Who Plays the Tragic Detective on 'The Night Of'?
In his first meeting with Riz Ahmed's Nasir Khan, lawyer Jack Stone (John Turturro) calls NYPD Detective Dennis Box a "subtle beast," the kind of guy who always nails his culprits, and without breaking any rules. But on the penultimate episode of The Night Of, Stone catches Box in a rare mode, tampering with evidence for no other reason than to help Naz (pesky inhaler!). It's riveting drama because actor Bill Camp is just like his character Detective Box: a subtle beast.
The showbiz veteran lurches through the Detective Box role with procedural instinct, a smart-ass tongue, and the heft of 33 years on the job. And it's one of his "nice guy" roles.
"I often will play creepy guys or mean guys," Camp said in a recent interview. "People I know who have seen the episodes are saying, 'It’s so nice. You smile and you’re a nice guy. You're a good cop.' I think generally, deep down, yes. But after so many years as a homicide cop, after all of the blood, all of the death, and all of that stuff you have to go through, I think that's had an effect on him. Dennis Box has the ability to play both sides of that card. He's not a super-nice guy all the time. It's that duality in him, where you're not really sure which side he falls on. This guy lives in death and murder."
If you're engrossed in Camp's performance like we are, here's everything you'll want to know about the brilliant actor:
The Night Of is only one of Camp's big 2016 moments
Before assuming the role of Det. Box in The Night Of, Camp popped up as a government tracker in the paranormal chase movie Midnight Special, a Treadstone string-puller in this month's Jason Bourne, and one of the standout guest stars in the second season of another HBO drama: The Leftovers (technically a 2015 moment, but all we could talk about in January). Later this year, he'll re-team with Midnight Special director Jeff Nichols for the racial drama Loving, which wowed at the Cannes Film Festival, and appear opposite Matthew McConaughey in the insane-yet-true drama Gold.
He's an acclaimed stage actor first and foremost
Movies and television appearances are cherries on top of Camp's main career as a theatrical thespian. His Broadway roles include a revered '90s production of The Seagull, 2012's Death of a Salesman (opposite Philip Seymour Hoffman), and this year's The Crucible, which earned him his first Tony nomination. Camp's played every type of role in nearly every major city in America, ranging from Eugene O'Neill's Long Day’s Journey Into Night, Steve Martin's play Picasso at the Lapin Agile, and a slew of Shakespearean classics.
When his career first escalated, Camp ditched the acting world and became a waiter
In 2002, after earning an Obie award for his work on Tony Kushner's Homebody/Kabul, Camp moved to California, where his girlfriend (now wife) Elizabeth Marvel starred on the TV series The District. Instead of carving out a place in the film or TV world, he opted for a series of unrelated jobs: landscaper, waiter, cook, and even working at a friend's garage.

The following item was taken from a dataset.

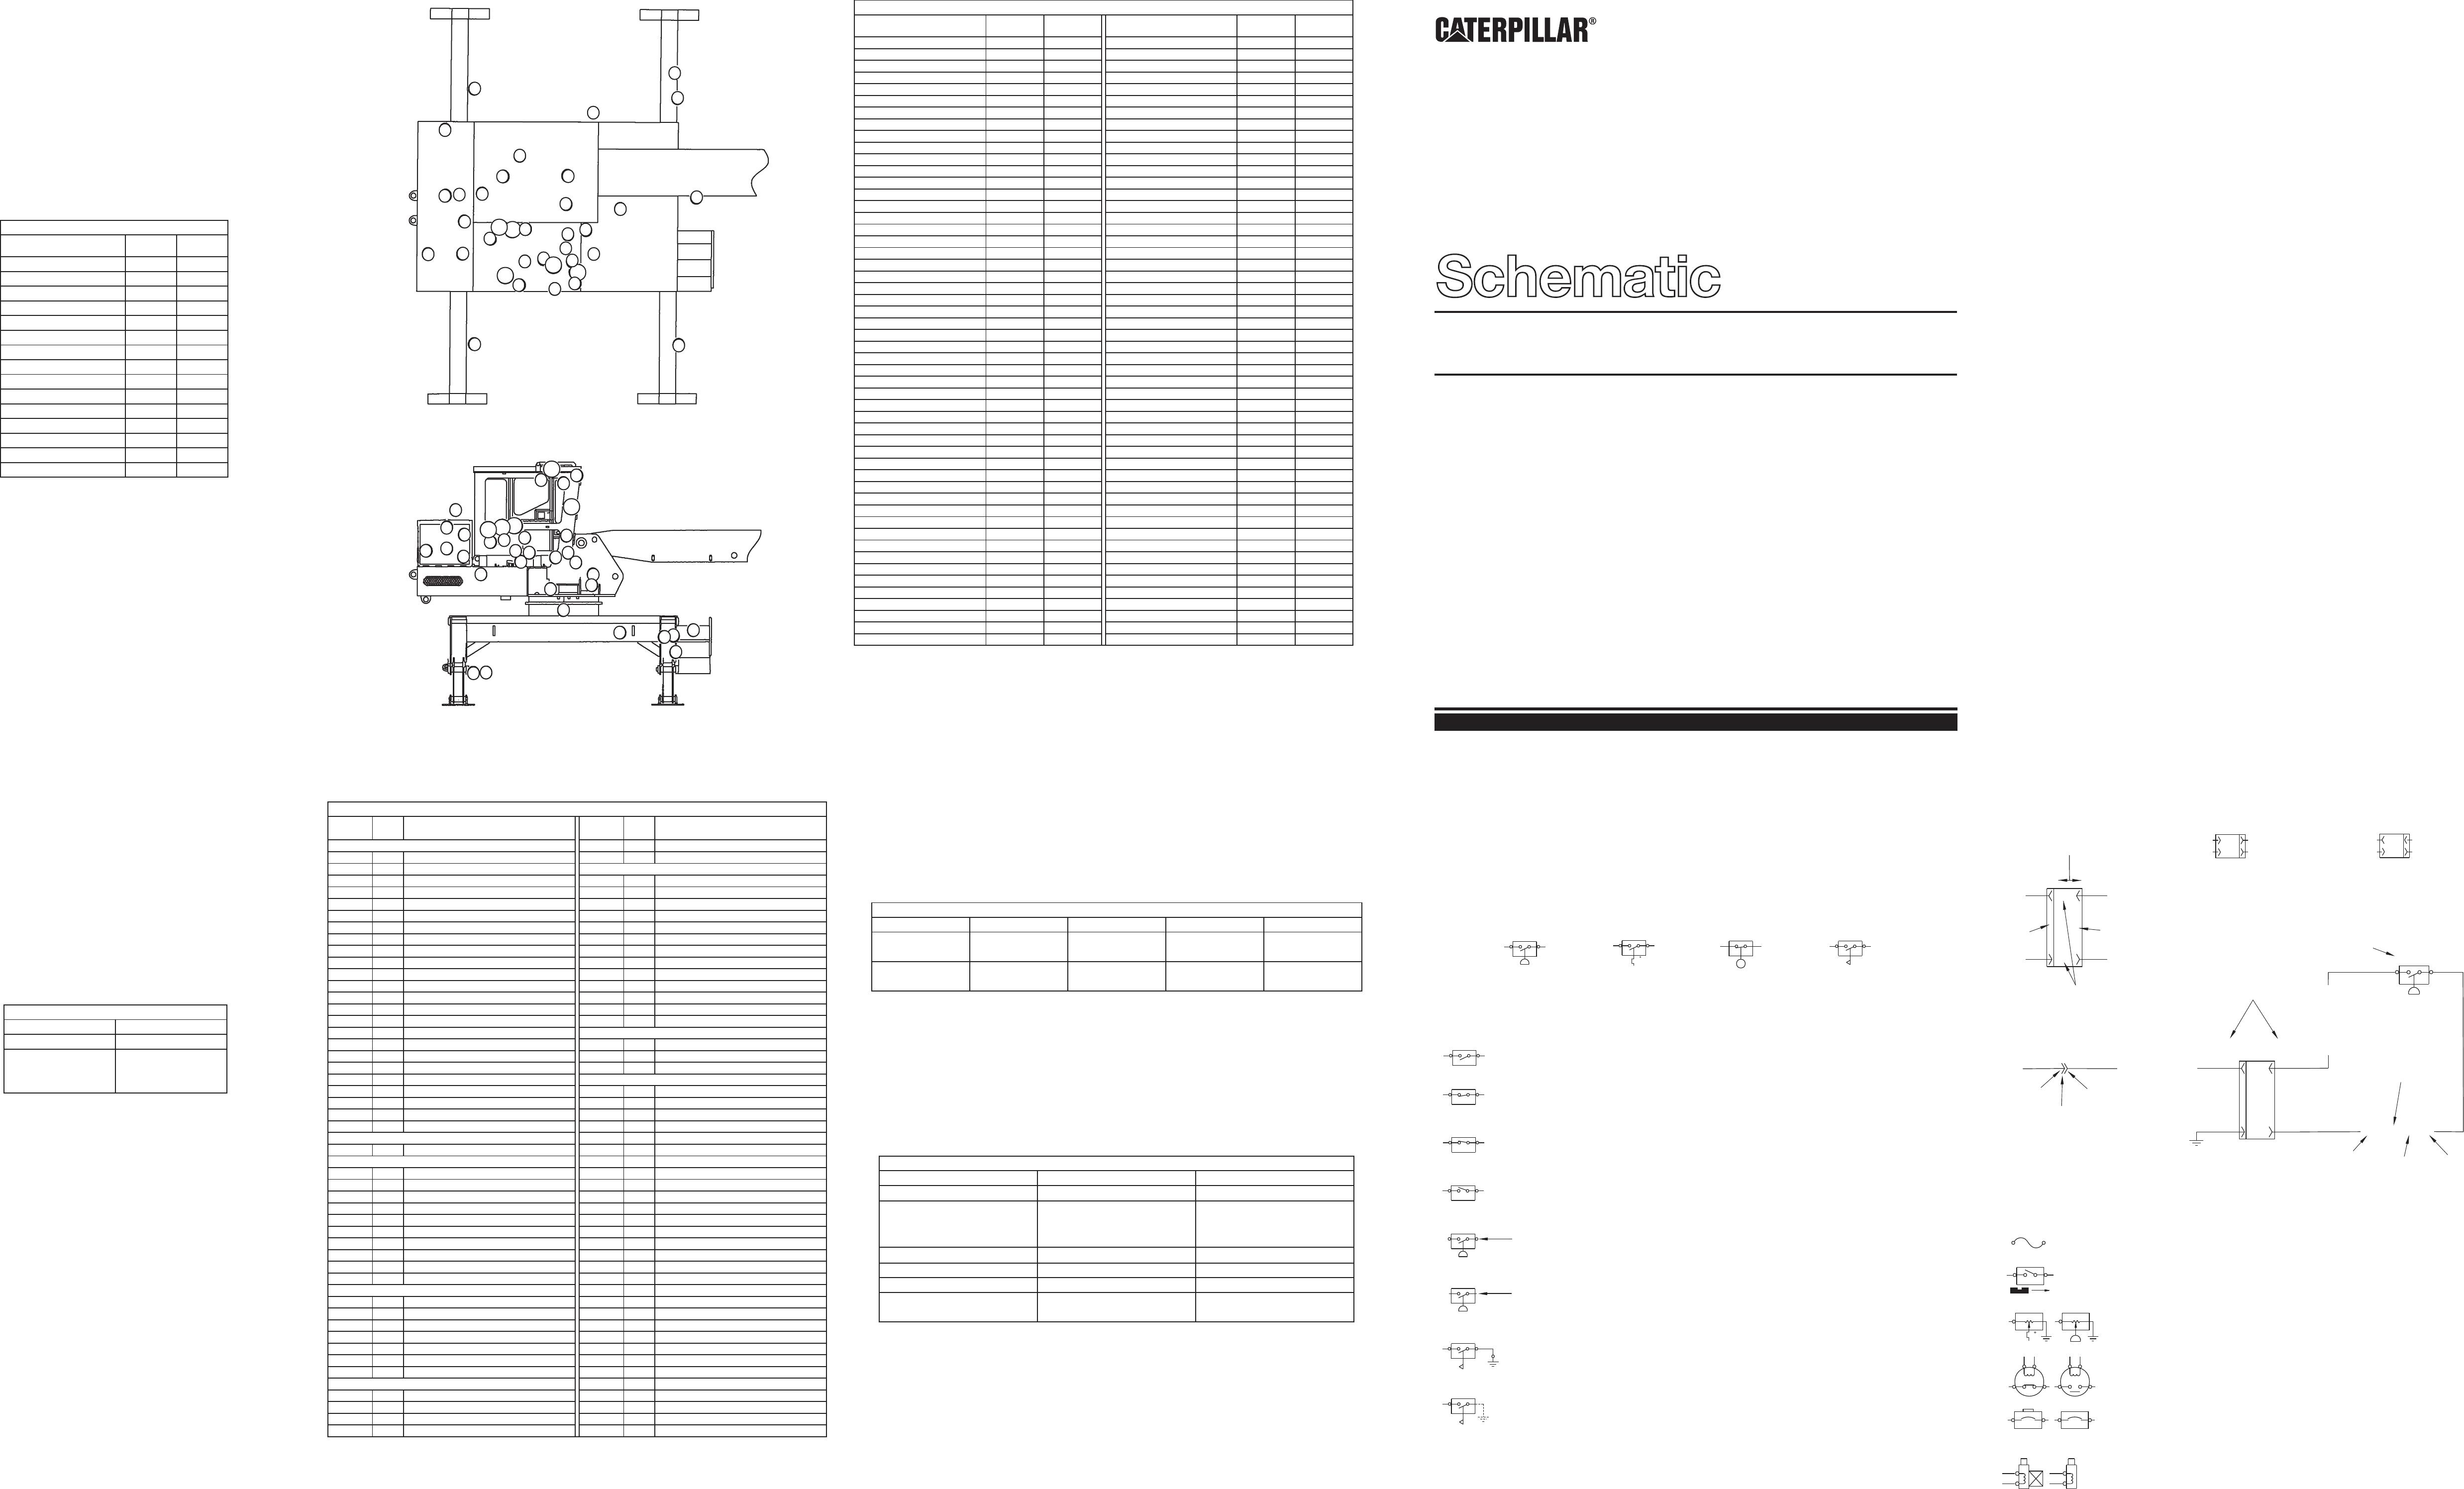 539 knuckleboom loader electrical schematic | cat machines electrical  schematic  cat machines electrical schematic

"I think it just helped me have a new appreciation about what it was that I was doing and why I was doing it," Camp recently told the BostonGlobe. "It gave me a healthy perspective in terms of looking at it as a job -- a job that I love -- as opposed to, 'This is my life.'"
Camp was the guy screaming a Macbeth monologue in Birdman
His other brushes with award winners/nominees include 12 Years a Slave, Lincoln, Black Mass, and last year's Brian Wilson biopic Love & Mercy. He should have won his own set of awards for the 2012 Sundance hit Compliance (rent it wherever you stream movies), but that's an argument for another day.
He's a New York guy, so of course he was on Law & Order
Twice, actually. Spot him in 1999's "Disciple," about a weird religious murder, and 2004's "Everybody Loves Raimondo's," revolving around a mob hit on a crime-movie producer, during TNT's next all-weekend Law & Order marathon.
He enjoyed the hell out of The Night Of, especially working with friend John Turturro
When HBO asked Camp to reflect on the rapport between Box and Jack Stone, he recalled a moment in Episode 2, where the two men locked horns at a vending machine. "Steve [Zaillian, director] saw something at the end that he wanted to get, which was the moment of me walking away from John. His direction to me was -- it was the tiniest little thing and it had to do with a certain lightness: 'John Stone is a clown.' I remember Steve had a huge smile on his face throughout that whole scene; he thought it was going to be really difficult to do.
"John and I have known each other for quite a long time. So we have a history and there's an ease between us. I love John's energy. He's really fun to act with and I think we just fell into it. We never discussed how this was going to be or that was going to be. I think John and I were just instinctually with each other. Really, as long as I stayed within my character, I just followed his lead."